What is being asked - All of the data below should be set down again verbatim, without any images.

(Beginning of Data provided)

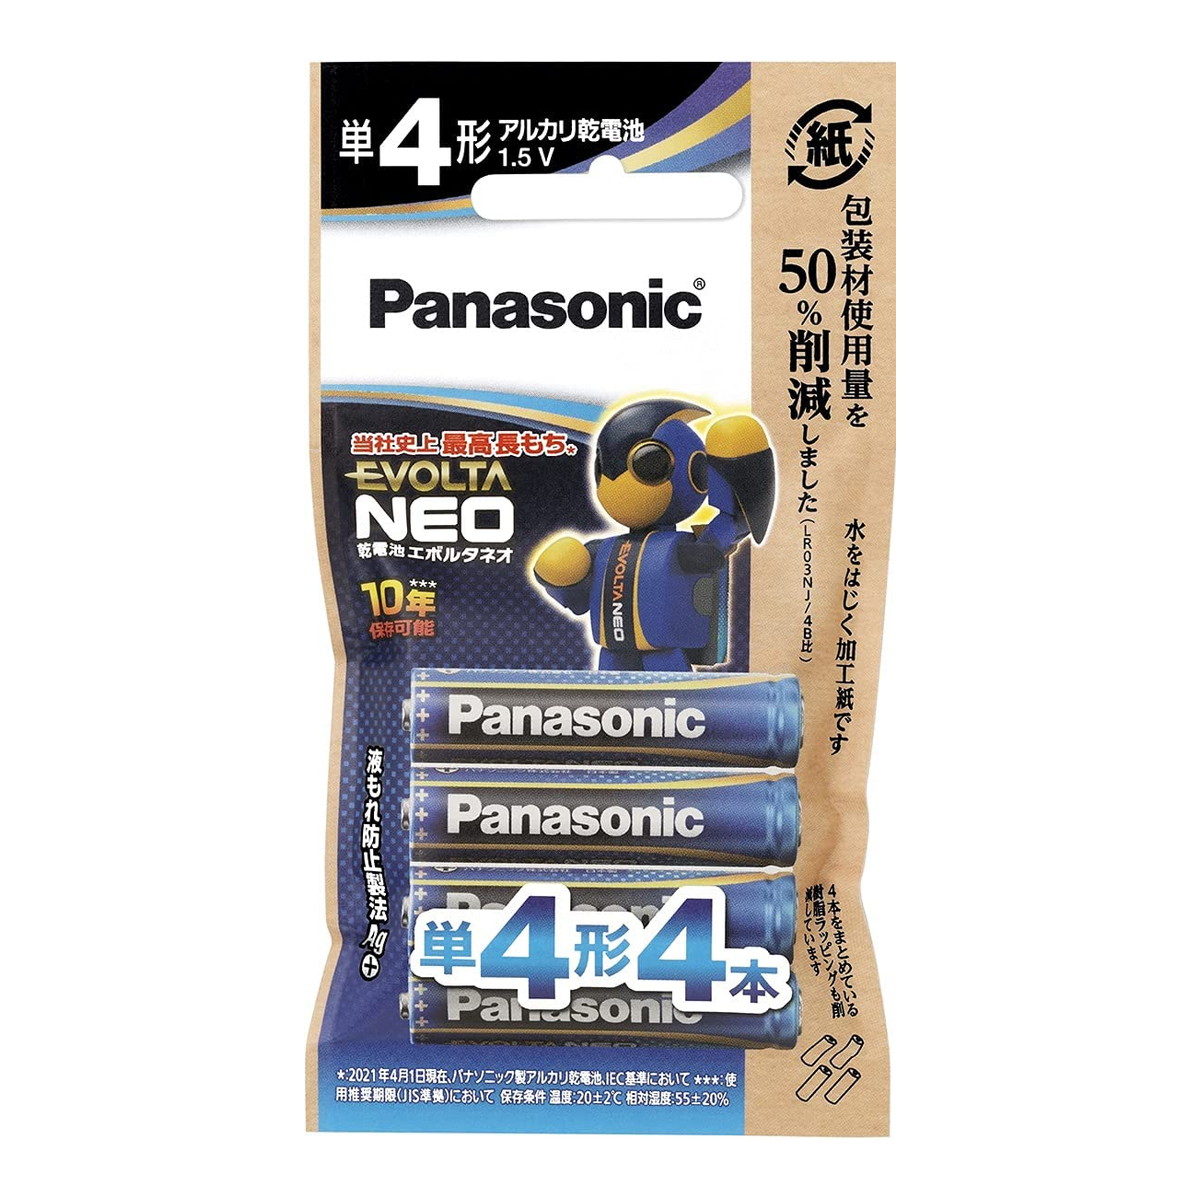 Panasonic アルカリ乾電池 エボルタNEO LR03NJ 4H 紙袋パッケージ 単4形 4本入
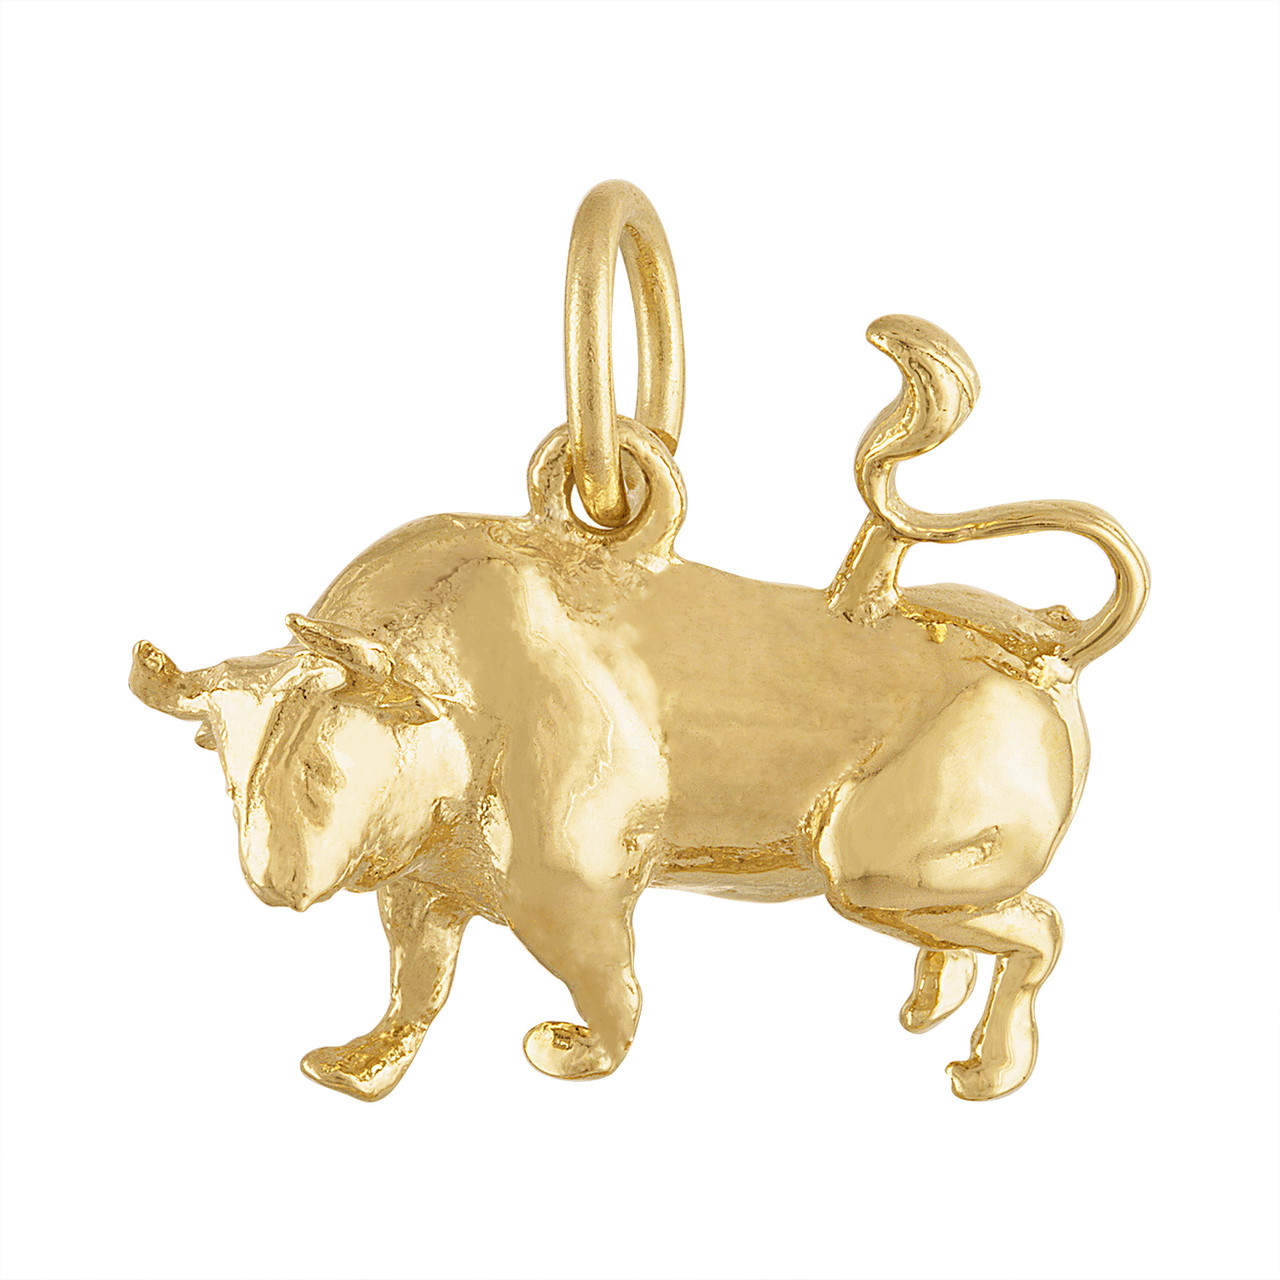 Ox Brass Cat Charms 9pc
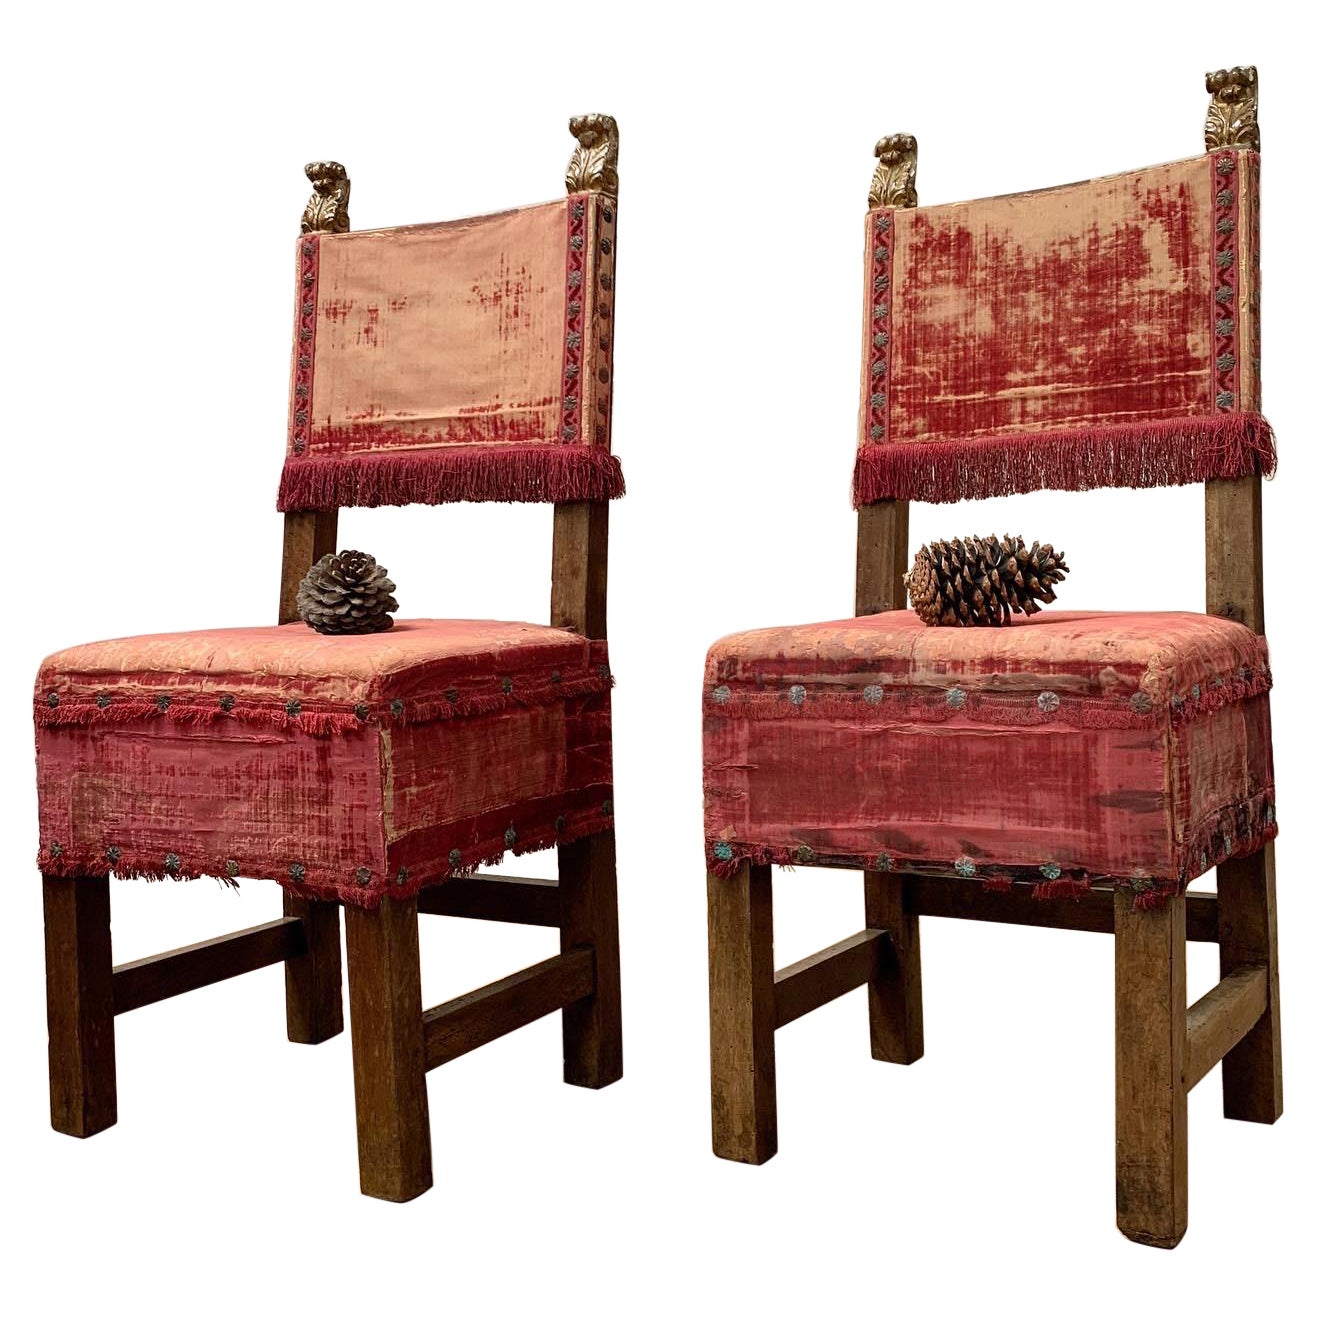 Pair of Seventeenth Century Italian Chairs

(End of Data provided)

Written solution -
 Panasonic アルカリ乾電池 エボルタNEO LR03NJ 4H 紙袋パッケージ 単4形 4本入
 Ox Brass Cat Charms 9pc
 Pair of Seventeenth Century Italian Chairs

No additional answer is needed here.